By no means determinative, but nonetheless informative, was the value ascribed the land and the building by the tax assessor of the City of Cambridge. In 2554-58 Creston Corp., the laws of the Commonwealth of Massachusetts prohibit variance in the tax rate between land and improvements. Thus, no advantage appears which would cause the City of Cambridge to allocate a proportionately higher or lower value to depreciable versus nondepreciable property.
The utilization of assessed value as at least a guide in valuation is not totally unique in the tax law. Insurance settlements are considered but not treated as conclusive when attempting to determine the amount of an actual loss.
Mr. Kinsella's appraisal of the property, which was done originally for the seller's estate, is also helpful. He actually viewed the property while it was still in use by petitioners. This does not negate the probative value of an assessment done later in point of time with respect to a certain date in the past.
No useful purpose would be served herein by going over each method of appraisal or item of evidence. Suffice it to say that we have found as an ultimate fact and so hold that a value of $50,000 for the land and $250,000 for the building was reasonable when made.
Steven A. Meiers (assessor valuation disregarded in favor of estimated building replacement costs)
During 1977, petitioners purchased for investment purposes two condominium properties known as the Via Serena property and the Calle Sonora property. Petitioners paid $63,000 for the Via Serena property, and $48,000 for the Calle Sonora property. On their 1977 return and for depreciation purposes, petitioners allocated 80 percent of the total cost of both the Via Serena and Calle Sonora properties to the buildings involved, and 20 percent to land.
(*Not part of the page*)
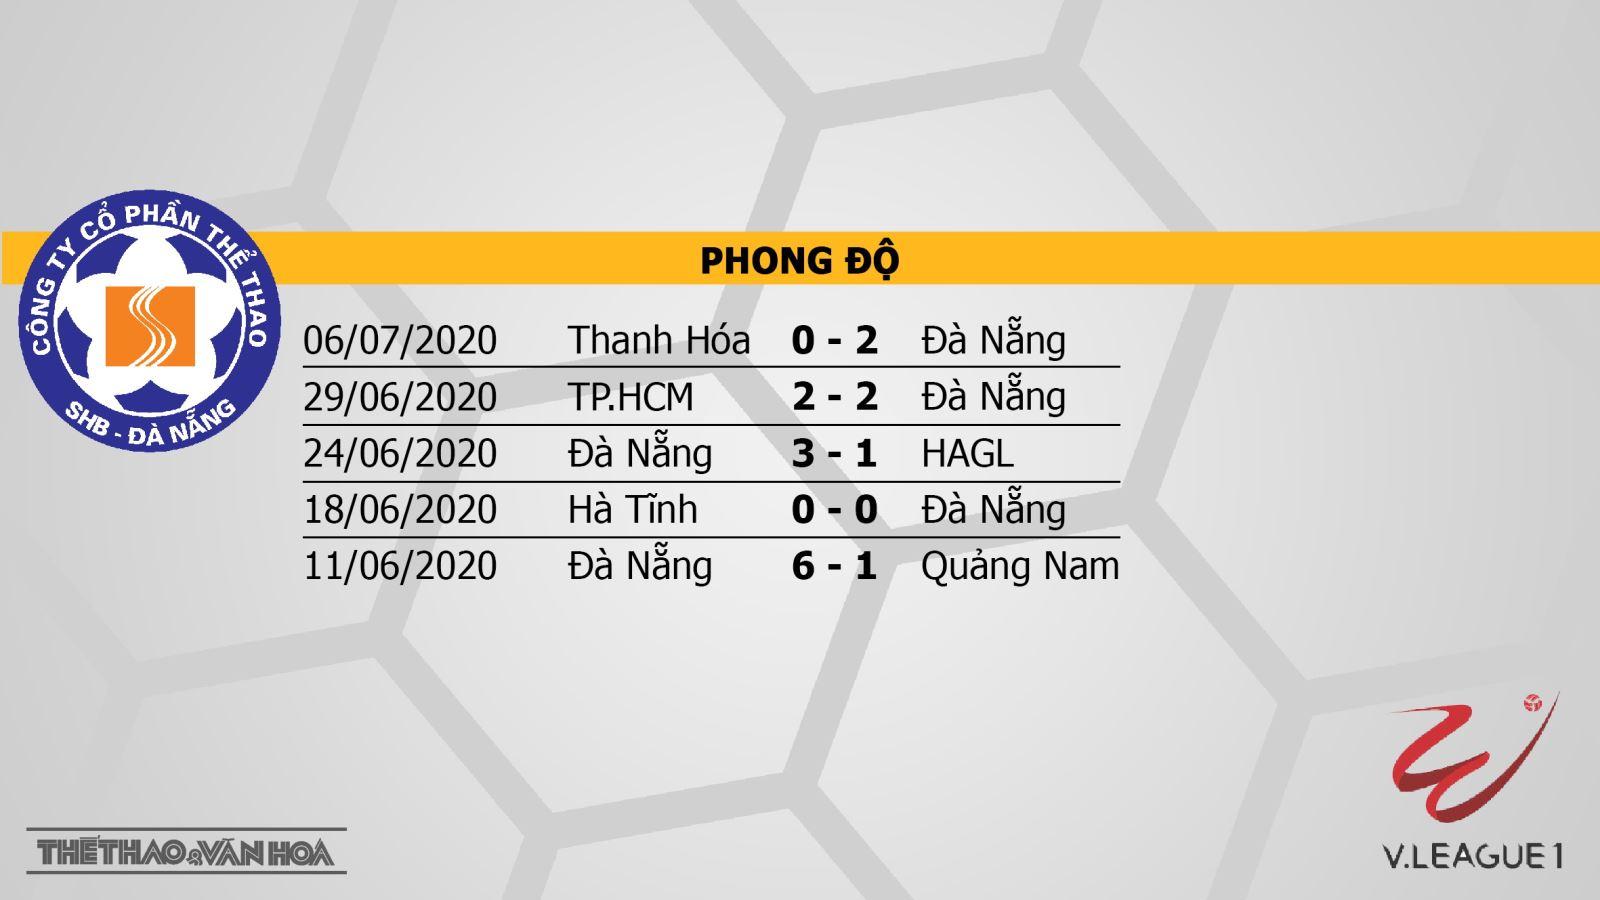 SHB Đà Nẵng vs Hà Nội, Đà Nẵng, Hà Nội, soi kèo bóng đá, kèo bóng đá, trực tiếp bóng đá, lịch thi đấu bóng đá hôm nay

Respondent determined that the allocation of cost between buildings and land should be 55/45 for the Via Serena property, and 49/51 for the Calle Sonora property.
There is no dispute as to the law involved in this issue. The total purchase price should be allocated between the land and the buildings in the same ratio as the value of each component bears to the value of the property as a whole, as of the acquisition date in May 1977. The question is purely a factual one as to the appropriate and reasonable values of the land and buildings.
Respondent [IRS] based his allocation solely upon the local property tax assessor's relative valuation of the land and buildings. We believe that there is insufficient evidence to establish that the assessor's relative valuations should carry much, if any, probative value in this case. The evidence shows that the assessor's values for the entire properties are grossly disproportionate to the actual purchase price of the properties. There is no evidence in the record that the assessor's allocations of value between land and building comport with reality, any more than these total valuations. Accordingly, we decline to give the allocations of the assessor weight in reaching our conclusion.
Petitioners based their allocation upon the investigation of petitioner Steven Meiers regarding estimated building replacement costs as of 1977. We conclude that petitioner's valuation had a reasonable basis and was much closer to the mark than respondent's, and we hold for petitioners on this issue.